Le gouvernement péquiste a congédié le patron de la Sûreté du Québec (SQ) huit mois avant la fin de son mandat, afin de régler des problèmes de communication entre les différents acteurs de la lutte contre le crime organisé. C'est ce qu'a expliqué le ministre de la Sécurité publique, Stéphane Bergeron, en entrevue avec La Presse.

Le directeur principal de la sécurité industrielle d'Hydro-Québec, Mario Laprise, succède donc à Richard Deschesnes, nommé en 2008.

«Le nouveau directeur a été très impliqué dans l'escouade Carcajou, qui nécessitait une étroite collaboration entre différentes entités chargées de lutter contre le crime organisé. Nous voulons imprégner cette culture», a dit M. Bergeron.

Il ne nie pas que les rumeurs de tensions entre la SQ, le Service de police de la Ville de Montréal (SPVM) et l'Unité permanente anticorruption (UPAC) aient pu motiver sa décision. Il faut inculquer un «réflexe de collaboration», insiste-t-il. «On veut que les gens comprennent le message, à la fois à la SQ et dans les autres entités.»

Selon ce qu'a appris

La Presse, M. Deschesnes croit qu'il s'agit d'une décision politique d'un gouvernement qui recherche du changement.

Cette nomination en a surpris plusieurs, en commençant par le président du syndicat des policiers de la SQ, Pierre Veilleux.

«Surpris? Oui. Je ne l'ai pas vu venir. Pour moi,

M. Deschesnes a toujours fait un bon travail. Il a fait avancer plusieurs dossiers au sein de l'organisation», a-t-il affirmé.

«Il y a un nouveau gouvernement, il y a des nominations. [...] Sûrement que le Ministère a des raisons pour le départ de M. Deschesnes. Mais c'est une prérogative du nouveau gouvernement de choisir le directeur général de la SQ. M. Laprise aura toute la collaboration du syndicat des policiers pour faire son mandat», a soutenu le président du syndicat.

Qui est Mario Laprise?

Mario Laprise est directeur principal de la sécurité industrielle d'Hydro-Québec depuis mai 2005. Il était arrivé en poste deux mois après la diffusion d'un reportage de Radio-Canada qui démontrait des lacunes dans la sécurité aux barrages hydroélectriques Manic 5 et LG-2.

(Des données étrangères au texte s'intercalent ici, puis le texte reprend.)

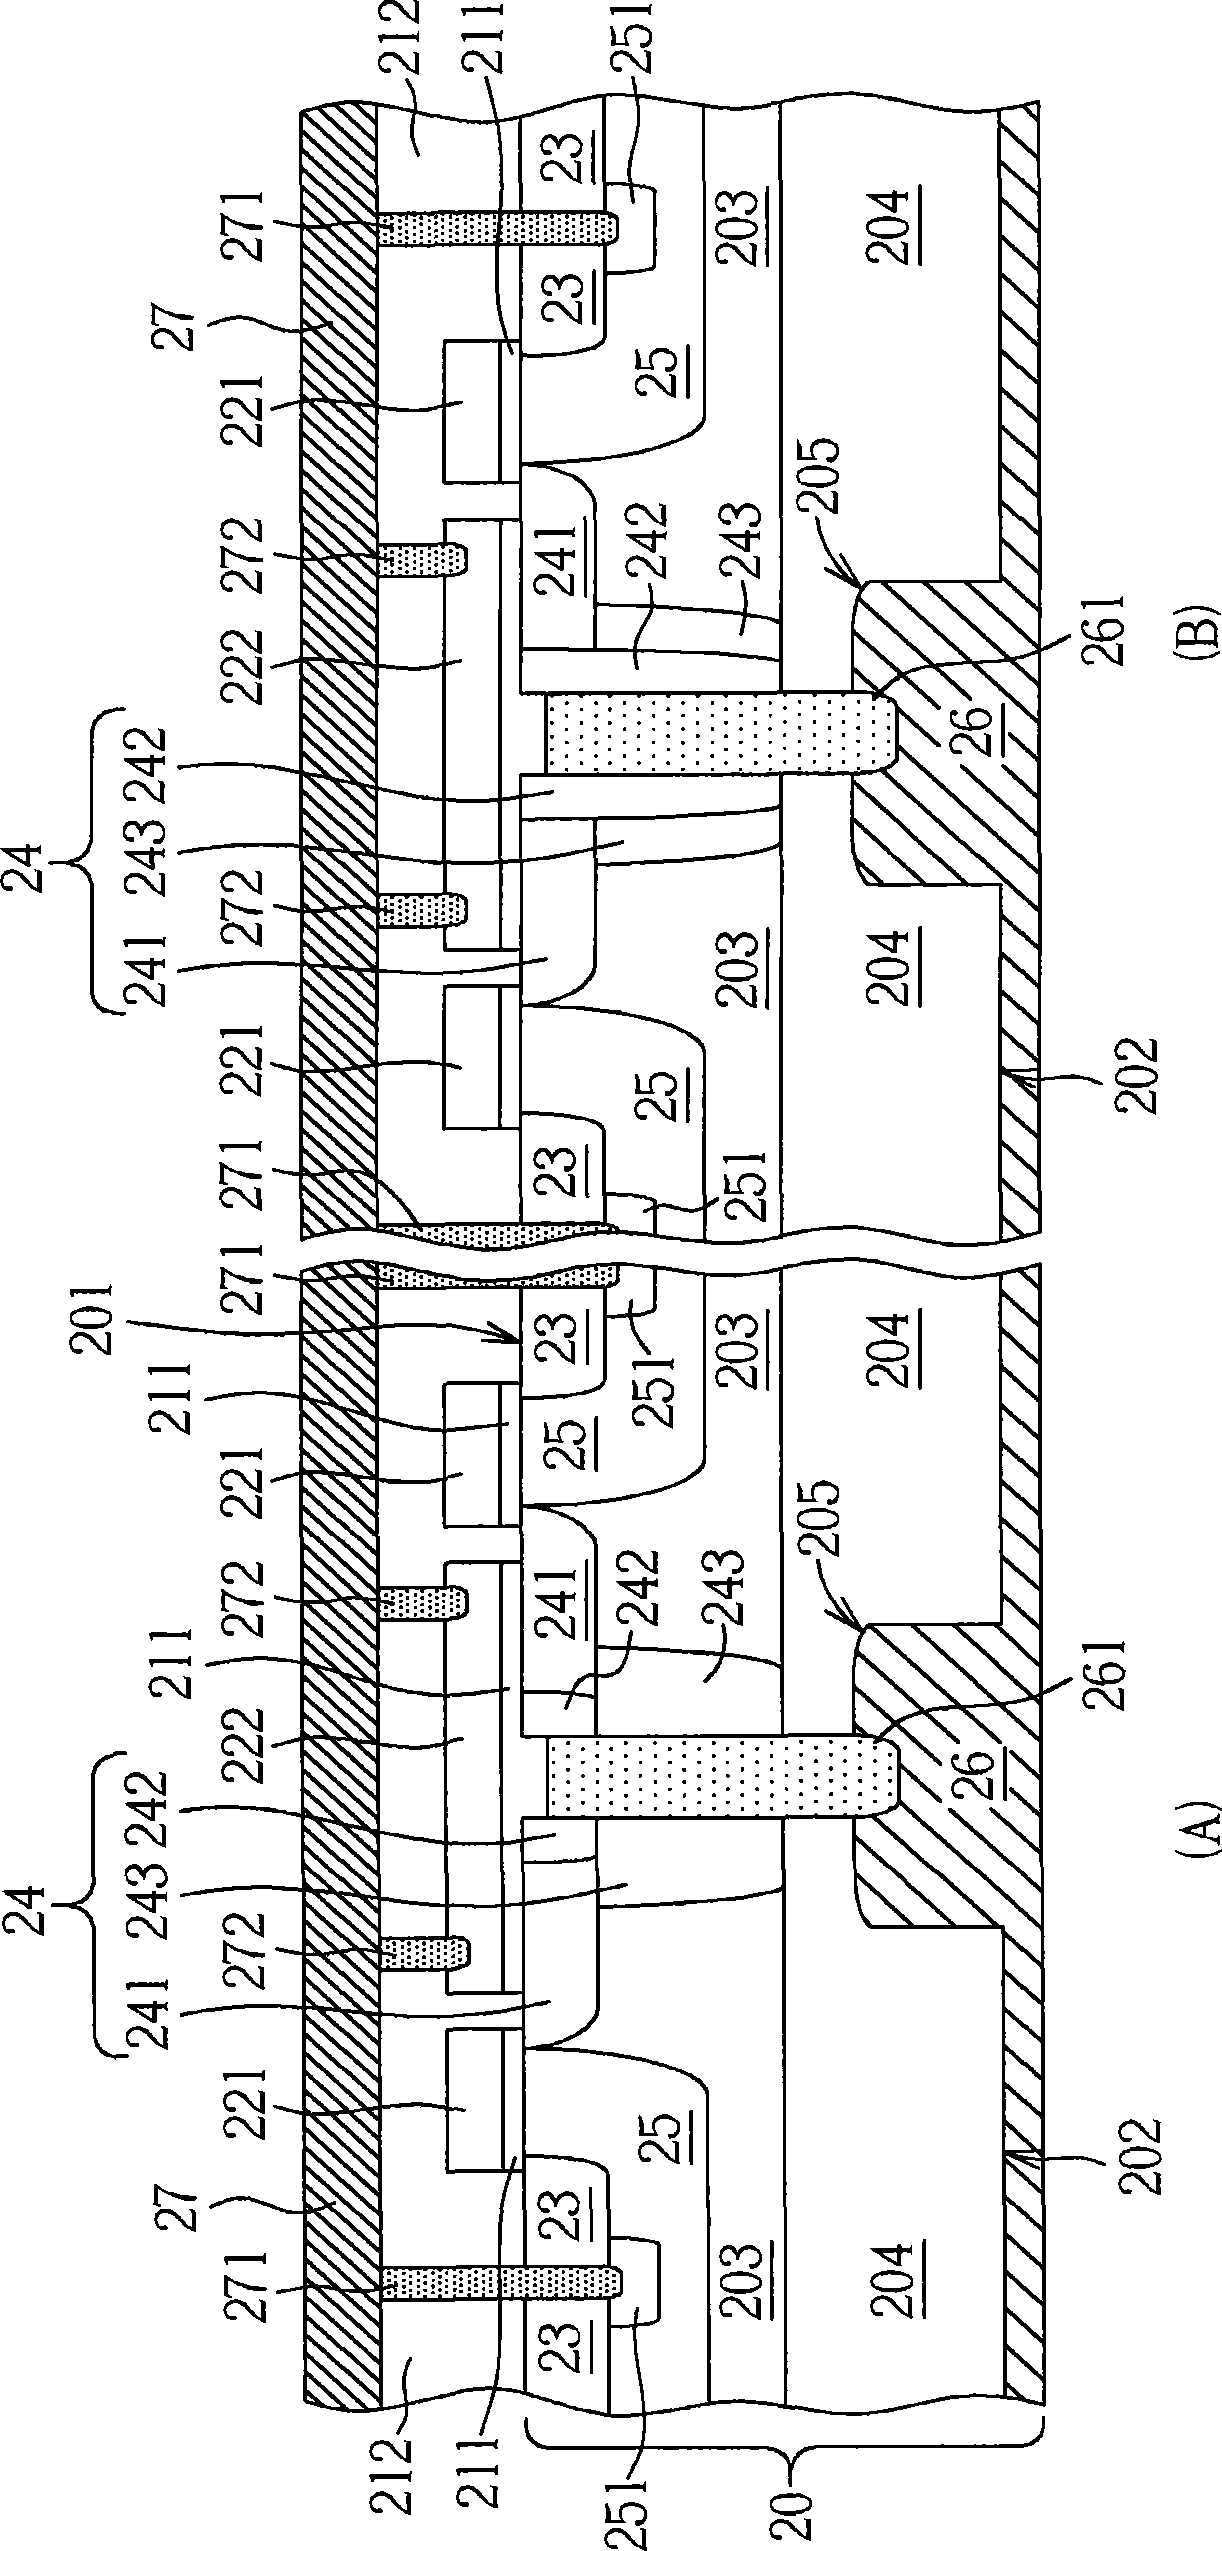 Lateral diffusion metal oxide semiconductor assembly

M. Laprise avait auparavant travaillé durant 26 ans à la SQ. Il a notamment été patron de l'escouade Carcajou, formée pour lutter contre les motards criminels.

«Il a une vision opérationnelle des choses pour la lutte contre le crime organisé. Il a aussi l'avantage d'avoir été à l'extérieur de la SQ pendant quelques années. Son regard externe peut être des plus bénéfiques», a observé le ministre Bergeron.

Selon nos sources, M. Laprise est aussi un ami du grand patron de l'UPAC, Robert Lafrenière.

«Pas le temps d'attendre»

Le mandat de M. Deschesnes devait prendre fin l'été prochain. Pourquoi ne pas l'avoir laissé le terminer? «On n'a pas le temps d'attendre. Il nous fallait le bon homme au bon moment au bon endroit pour lutter contre le crime organisé», a répondu le ministre.

M. Deschesnes continuera de recevoir son salaire jusqu'à la fin de son mandat. S'il le souhaite, on pourrait aussi lui confier d'autres mandats à la SQ.

Avant de devenir directeur général de la SQ, en juillet 2008, Richard Deschesnes était spécialiste des mesures d'urgence. En 2000, il avait été coordonnateur des opérations de sécurité au Sommet des Amériques à Québec.

«On semble douter de la loyauté de M. Deschesnes envers l'État», a dit le député libéral et ex-membre de la SQ Robert Poëti. Il ne comprend pas la décision rapide. «On va payer deux directeurs en même temps», s'indigne-t-il.